只不過,SciPy 的 spatial 模組跟 3D 建模有關係還可以理解,NumPy 跟 3D 建模又有什麼直接關係呢?當然有關係,3D 建模本身常涉及大量點、線、面資料的處理,CadQuery 底層會基於 NumPy,是可以想像的,不過就使用者層面,可能還是覺得不太會直接運用到 NumPy?
實作 Matrix3D
那就來實作個轉換矩陣吧!因為 CadQuery 雖然有個 Matrix 類別,不過功能有限,而且主要用於處理一些底層的 Open CASCADE 物件,我希望的是,有個通用的轉換矩陣,可以直接處理頂點或向量。

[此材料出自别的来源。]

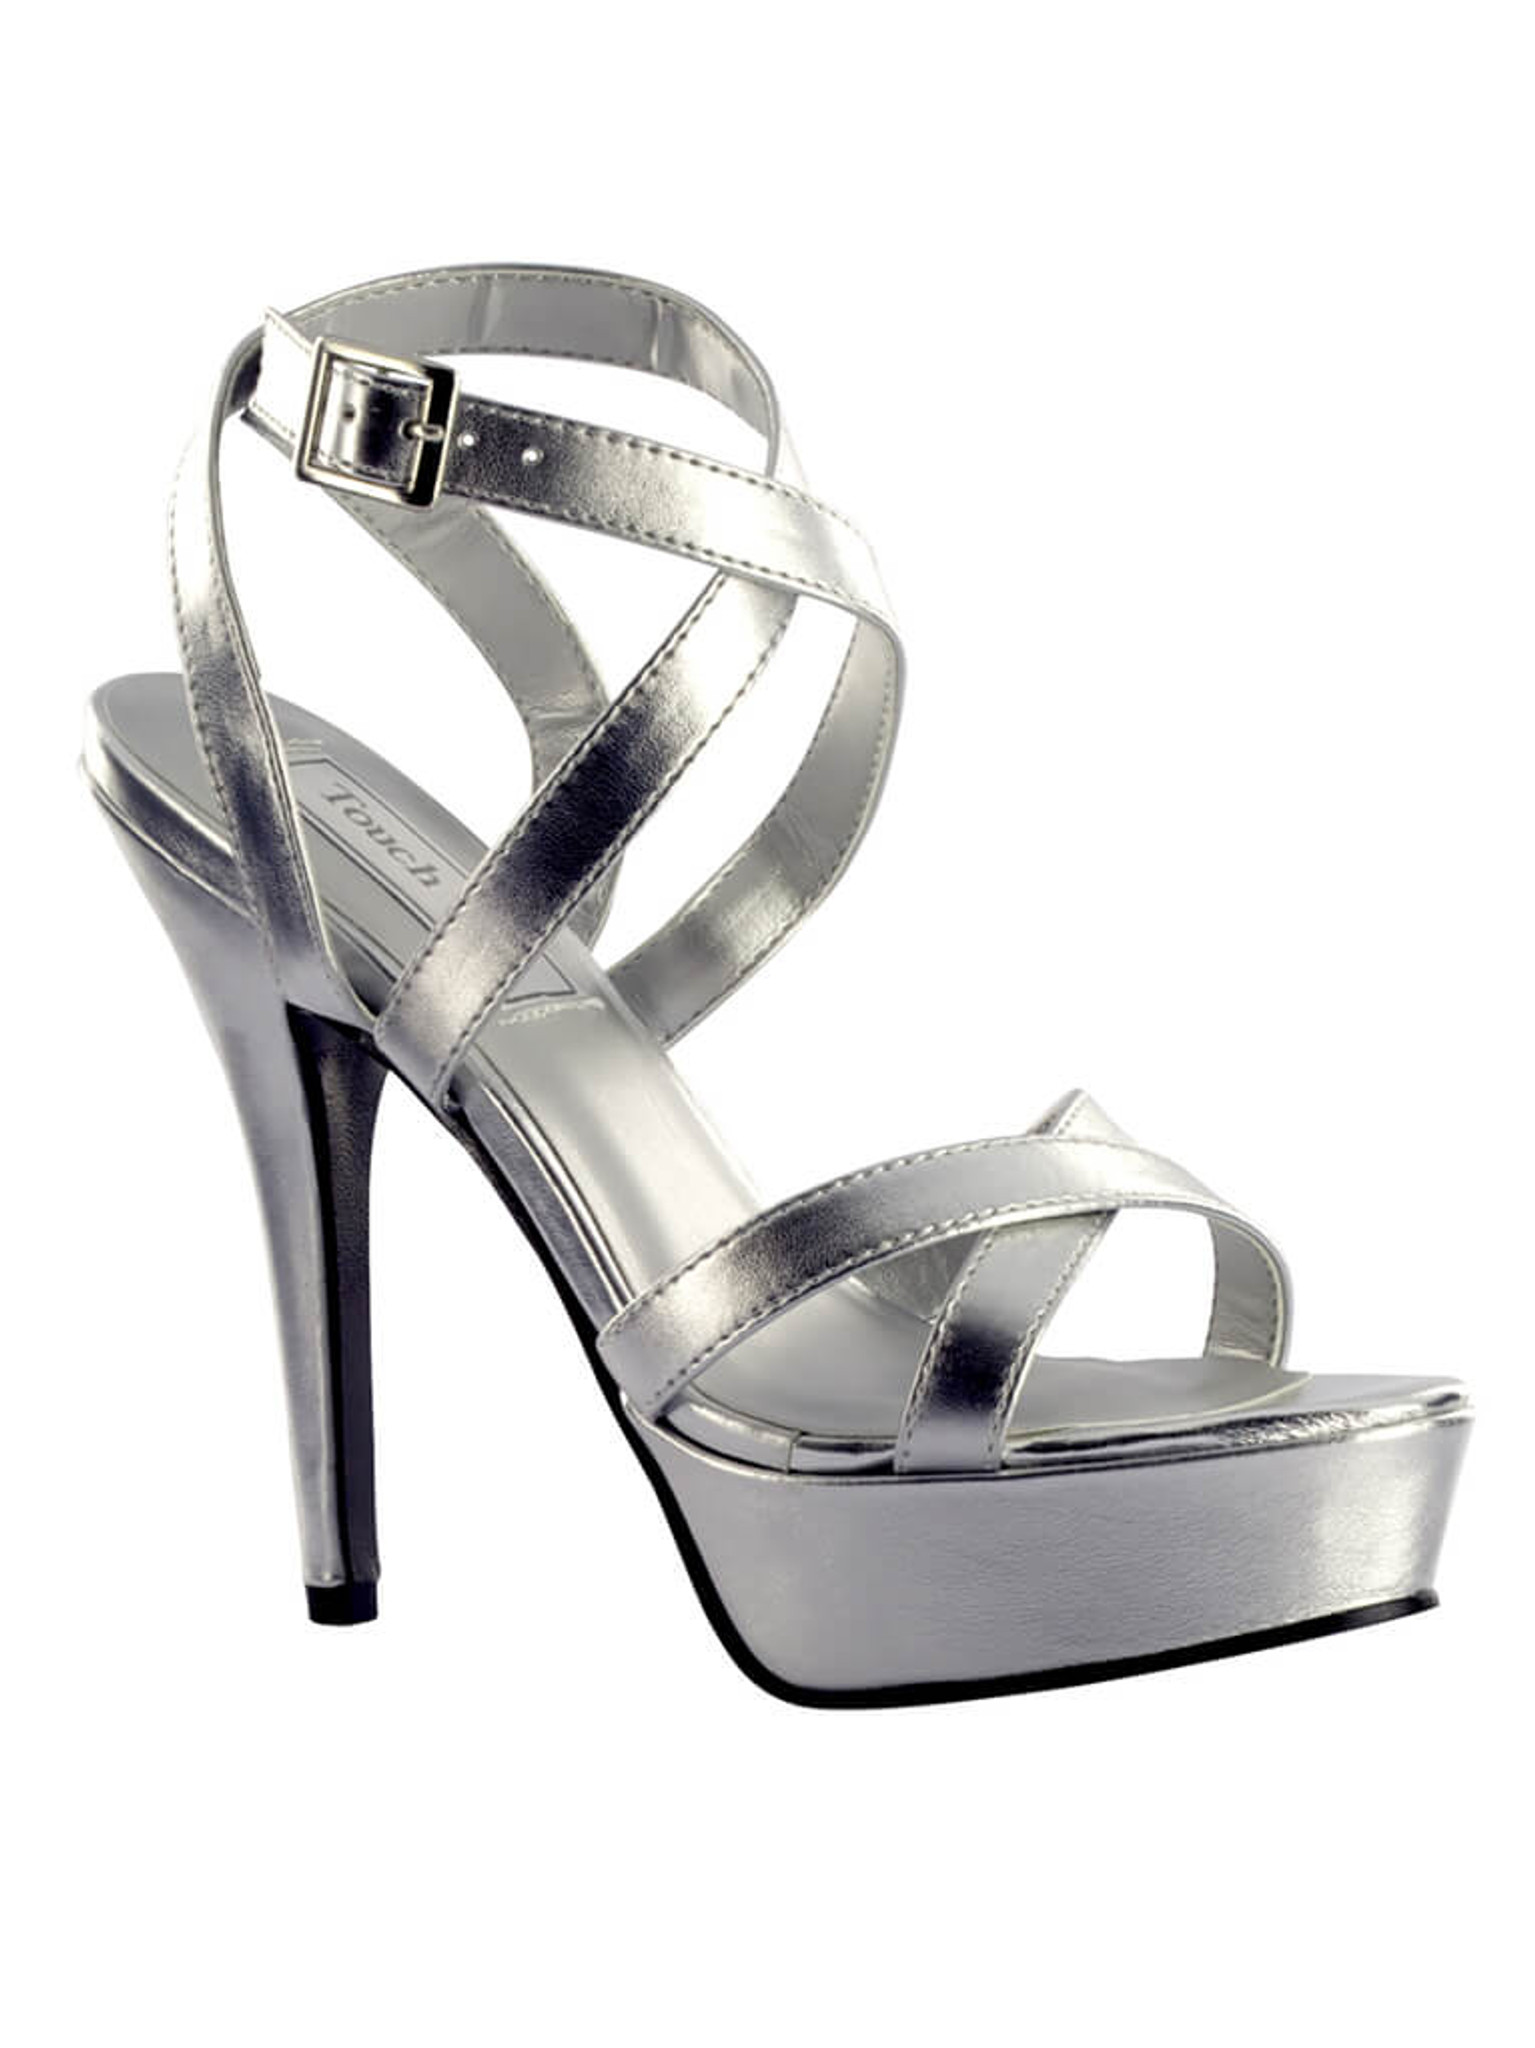 Touch Ups Pageant Shoes Platform Andrea 4117

NumPy 陣列本身可以作為陣列來使用,而且實作了 @(Python 3.5 新增,對應的特殊方法是 __matmul__),可用於矩陣相乘:
>>> import numpy
>>> a = numpy.array([
... [1, 2],
... [3, 4]
... ])
>>> b = numpy.array([
... [5, 6],
... [7, 8]
... ])
>>> a @ b # 矩陣相乘
array([[19, 22],
[43, 50]])
>>> a * b # 逐元素相乘
array([[ 5, 12],
[21, 32]])
>>>
記得別錯用了 * 運算,那是用於逐元素相乘。
雖然直接使用 NumPy 的 ndarray 來操作也是可以,不過,將之封裝會是更好的作法:
import numpy
from math import cos, sin, radians
class Matrix3D:
def __init__(self, m):
# self.wrapped 是包裹的 numpy.ndarray 實例
if isinstance(m, numpy.ndarray):
self.wrapped = m
else:
self.wrapped = numpy.array(m)
# Post-Multiplication (Right-Multiplication)

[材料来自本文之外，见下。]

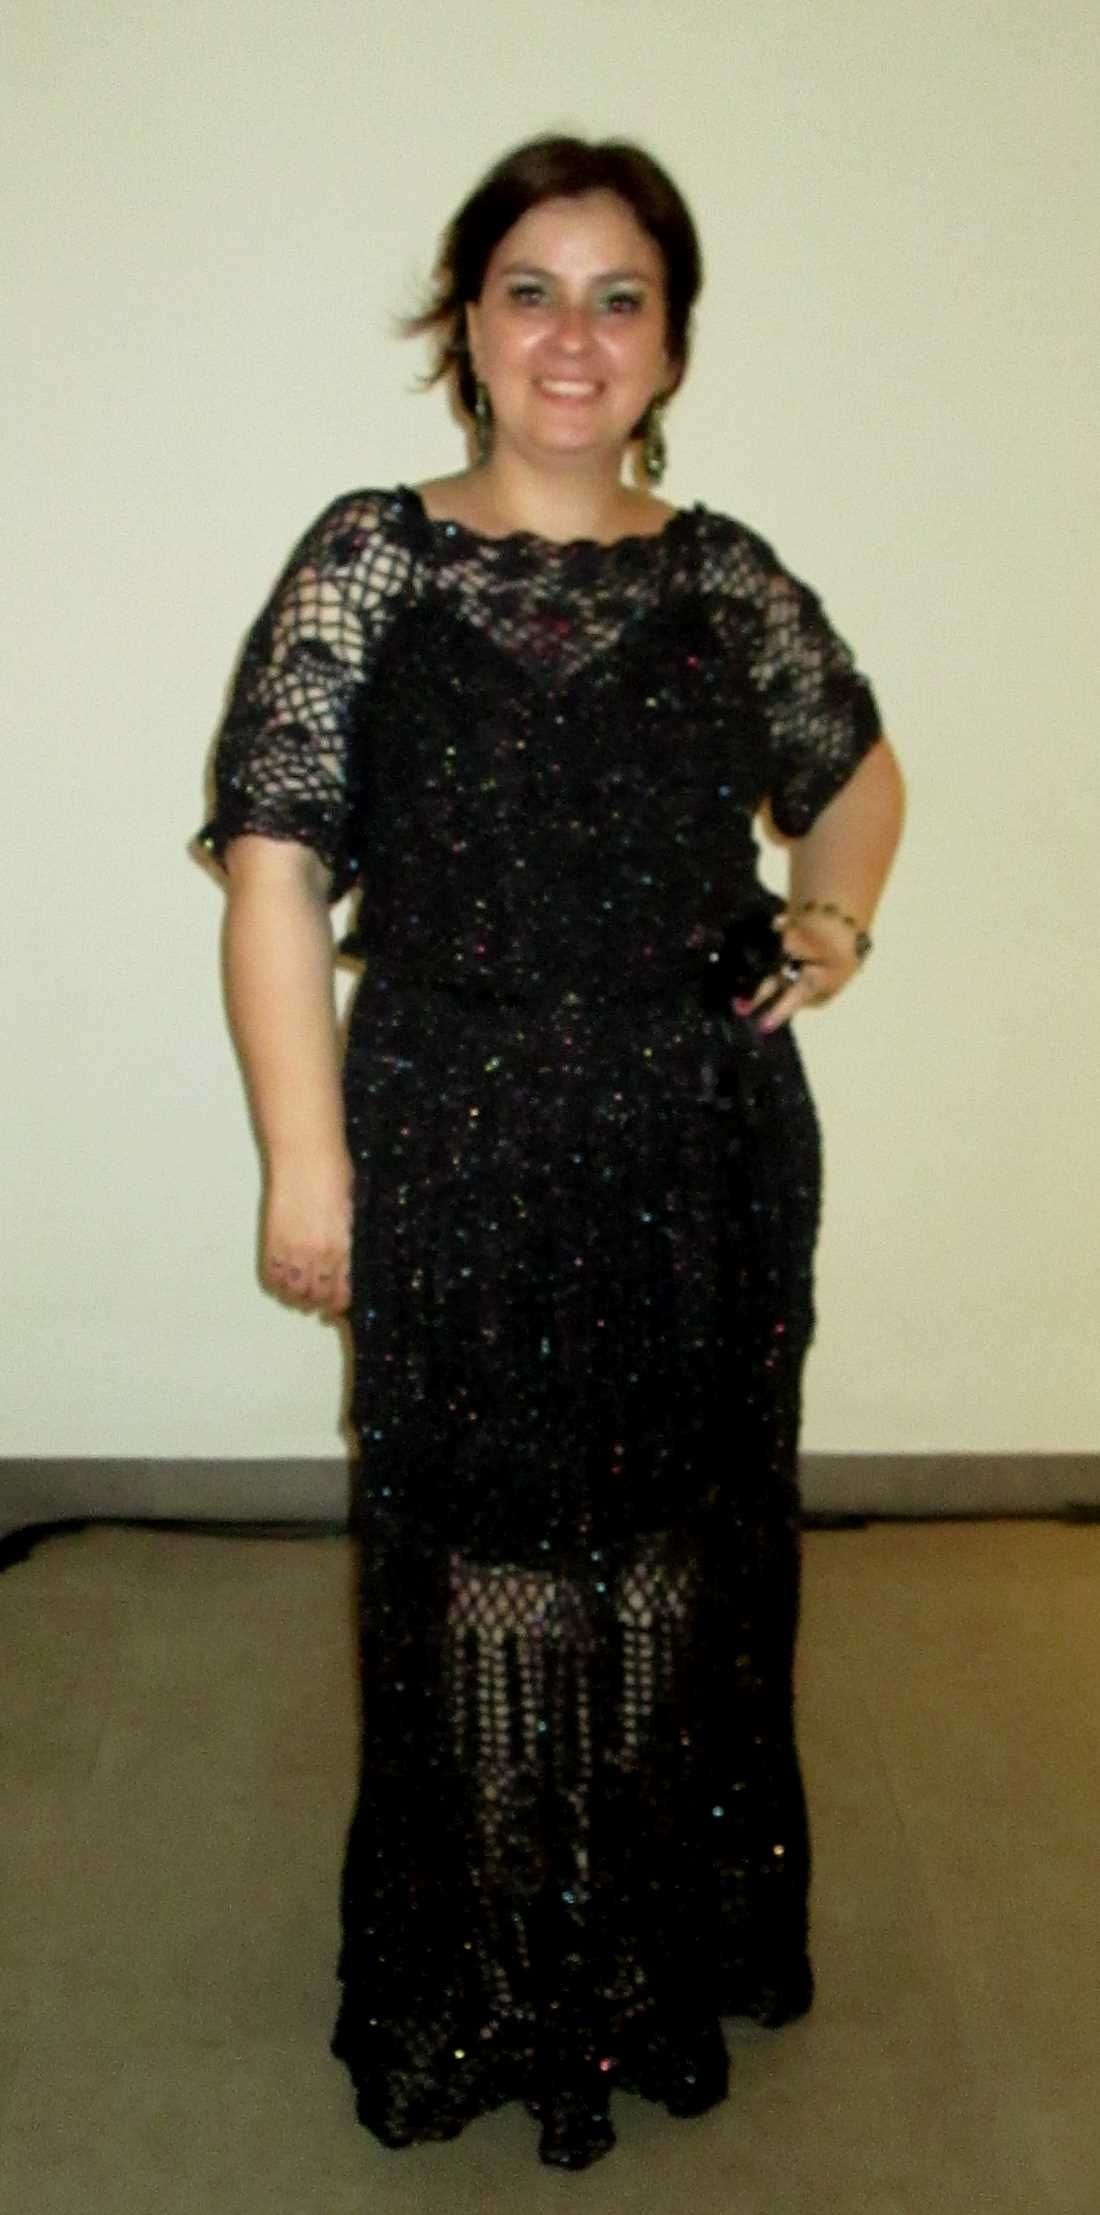 Vestido de crochet preto com brilho furta-cor.

def __matmul__(self, that):
return Matrix3D(self.wrapped @ that.wrapped)
def transform(self, v):
vt = (v.x, v.y, v.z, 1) if isinstance(v, Vector) else v + (1,)
return tuple((self.wrapped @ vt)[:-1])
這邊實作了 __matmul__,為了撰寫矩陣相乘時,看來像個數學公式,採用了後乘(Post-Multiplication);transform 方法會根據目前轉換矩陣的定義,將一個指定的點或向量進行線性轉換。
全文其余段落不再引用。